El mosto obtenido en este proceso, pasa a los depósitos donde reposa un día para entonces, proceder al desfangado. A continuación, se pasa al depósito de fermentación, con temperatura controlada durante un período de unos 15 días y a una temperatura de 17º. Una vez finalizada la fermentación, se realiza una delicada trasiega con el fin de conservar su aguja de manera natural.

El último de los procesos consiste en bazuquear el vino durante otros 15 días, para que las lías del fondo se esparzan por todo el producto dándole redondez en la boca. Se vuelve a trasegar y una vez apartadas dichas lías, se obtiene la base de los que será el Ch, en este caso mirandés.

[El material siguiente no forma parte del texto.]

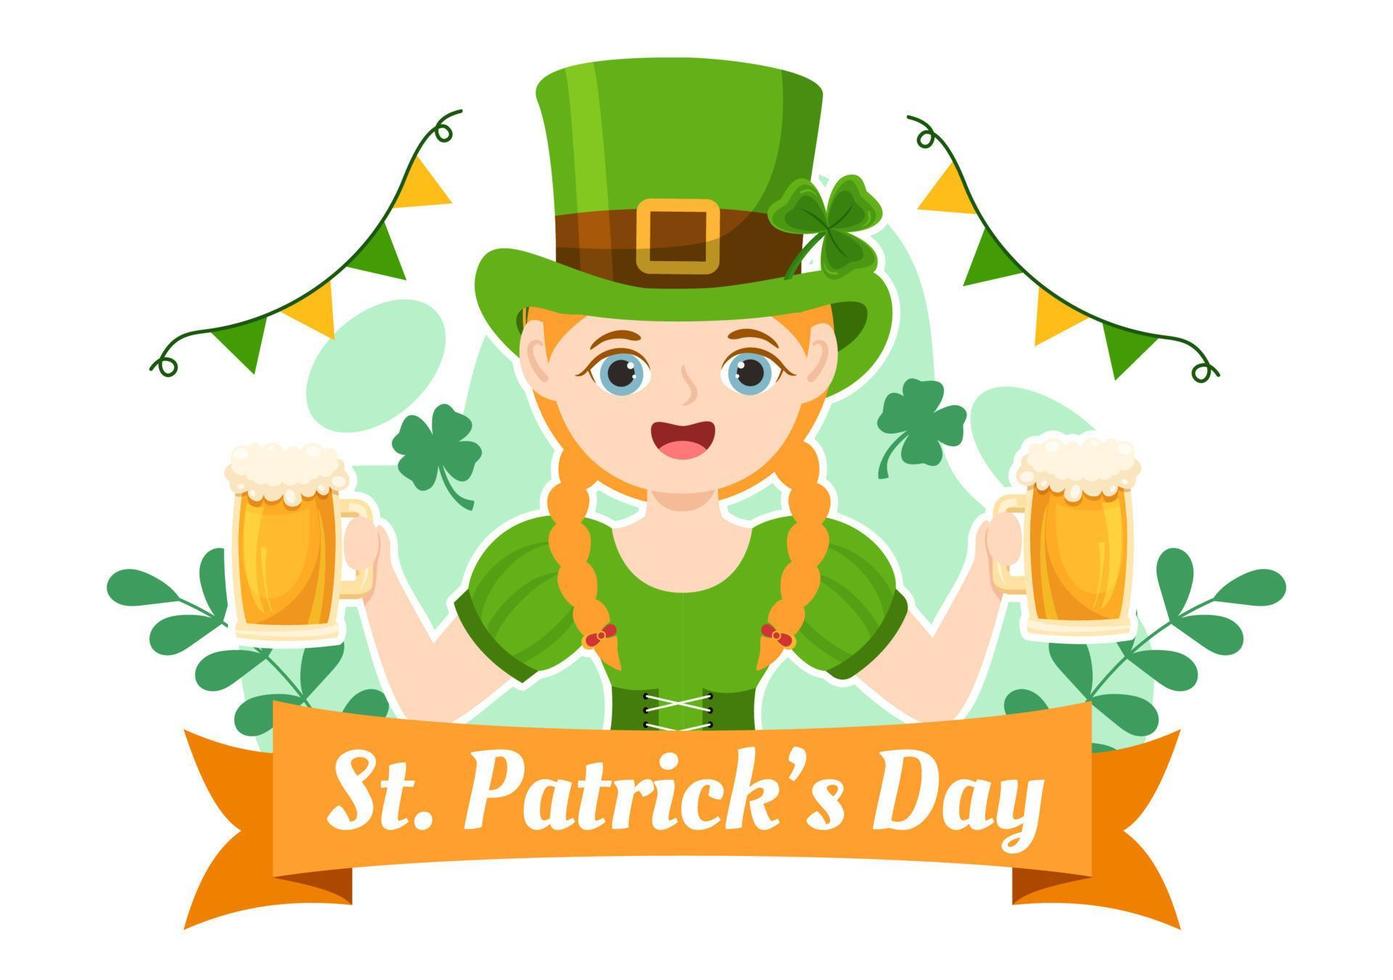 Happy St Patricks Day Illustration with Kids, Golden Coins, Green Hat, Leprechauns and Shamrock in Flat Cartoon Hand Drawn for Landing Page Templates vector

El Ch Blanco cuenta con un 80% de viura y un 20% de verdejo. Presenta un color amarillo pálido con reflejos verdosos, limpio y brillante. En nariz, desplega gradual y elegantemente aromas francos a frutas y flores, acompañándose con ciertos matices cítricos y de manzana. En la boca, se presenta fresco con una ligera acidez que le aporta un esmerado equilibrio. El final en la boca es agradable, suave, volviendo a percibirse las sensaciones frutales y también un ligero picor debido a los restos de carbónico que resaltan su frescura natural.

Debe servirse entre 8 y 10º, y disfrutarse con entrantes ligeros, tapas, pinchos, pescados blancos, mariscos o quesos frescos.

El chacolí debe su existencia a ese grupo de pequeños artesanos del vino, que siguen luchando para que su nombre, su sabor y su color perduren en la historia como un buen vino castellano con raíces muy profundas.  Un vino del norte de Burgos, y en este caso de Miranda. Por ello, esperamos que sigan aumentando el número de productores de este tipo de caldo, y se siga con esa tradición centenaria con el fin de hacer resurgir los valores de nuestros antepasados y hacer honor a ellos y el trabajo que en su día hicieron.